## Data for the task
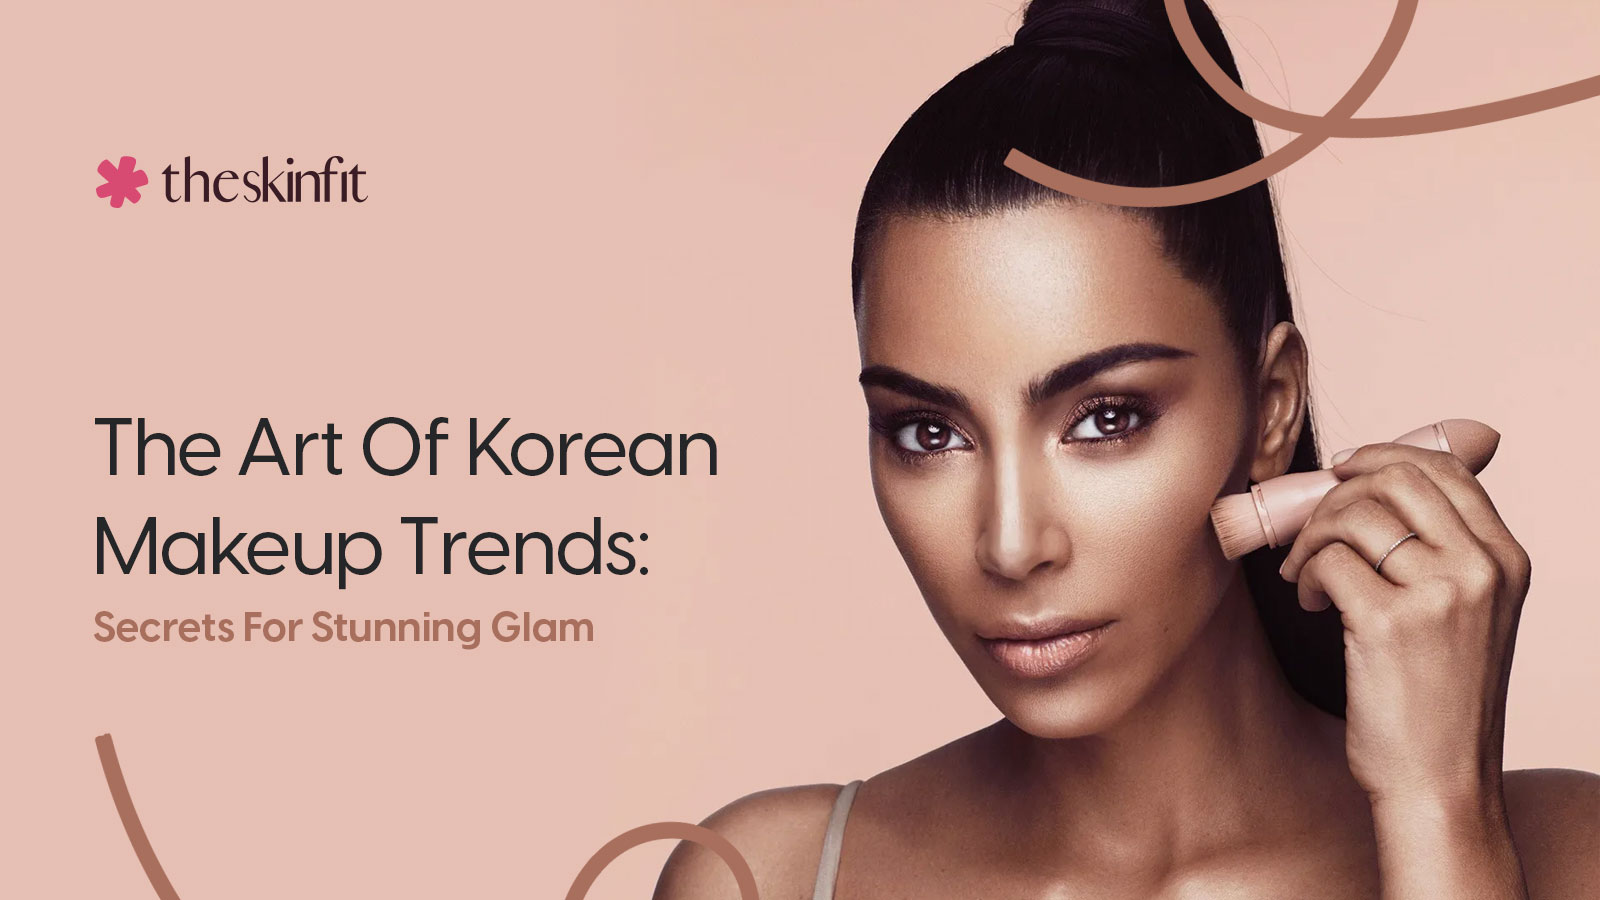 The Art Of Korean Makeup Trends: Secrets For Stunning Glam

==

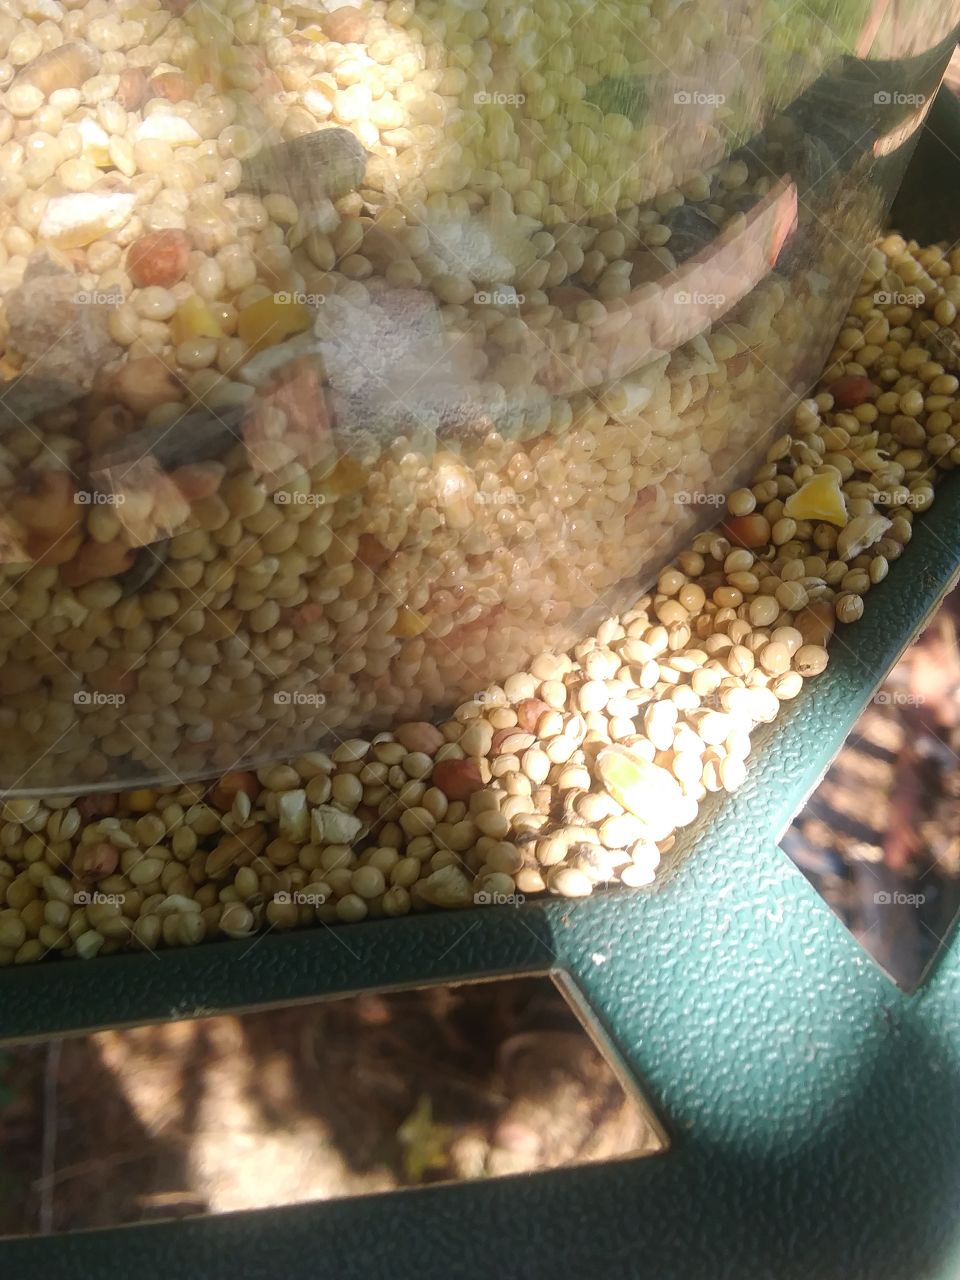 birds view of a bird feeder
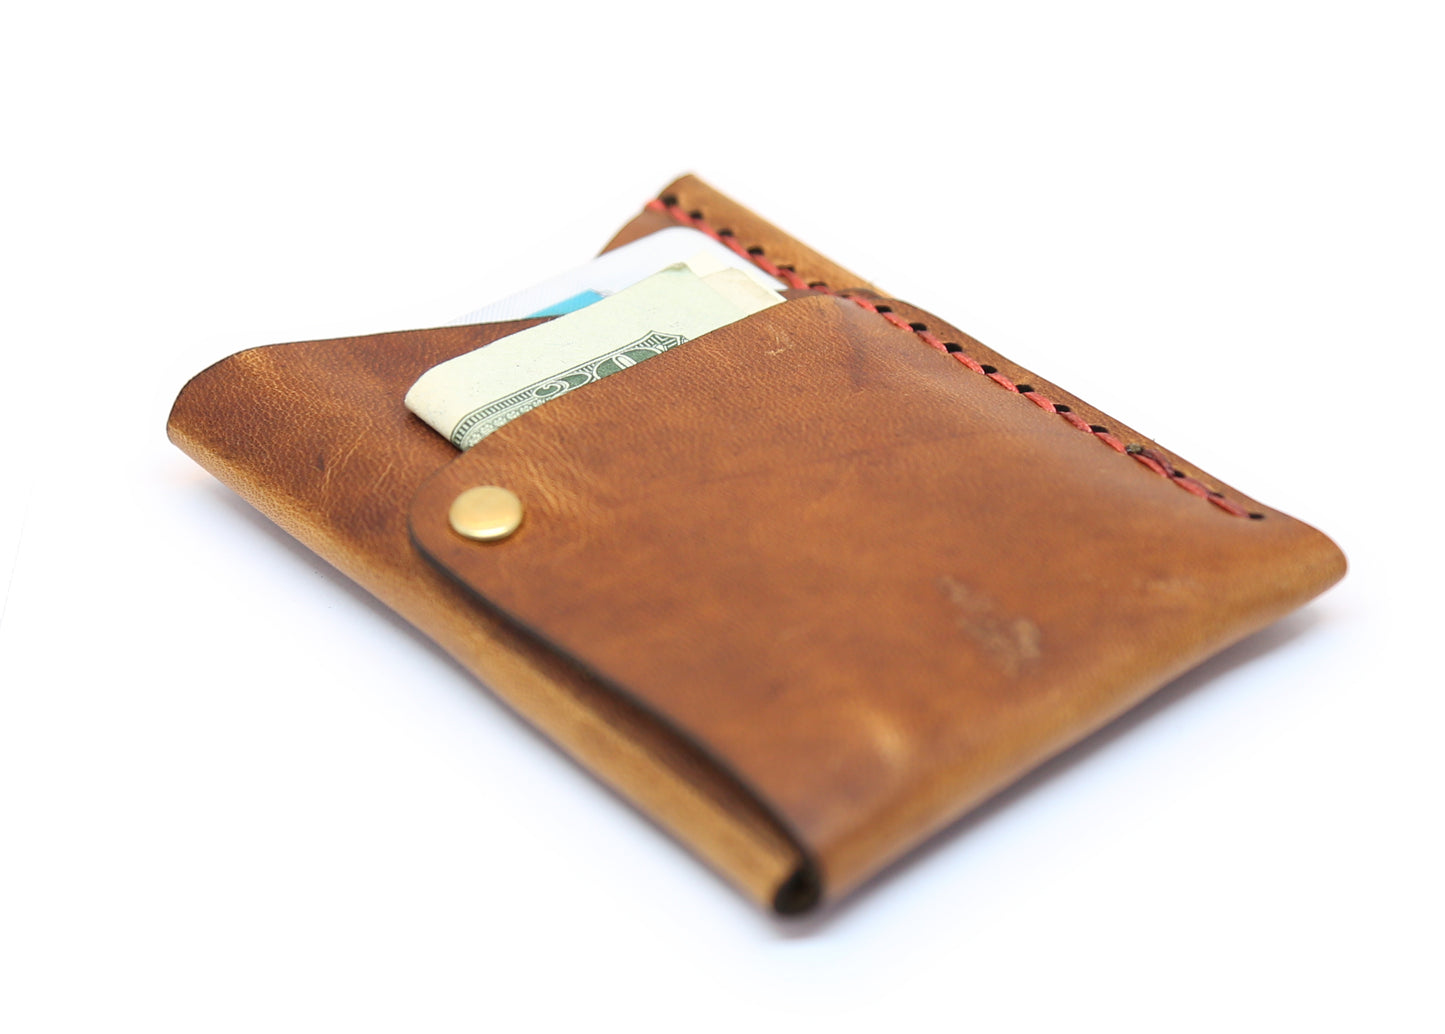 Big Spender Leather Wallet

## Task description
Transcribe the lines above exactly, beginning at the one with "birds view of a bird feeder" and ending at the one with "Big Spender Leather Wallet". Include both; exclude the pictures.

## Exercise result
 birds view of a bird feeder
 Big Spender Leather Wallet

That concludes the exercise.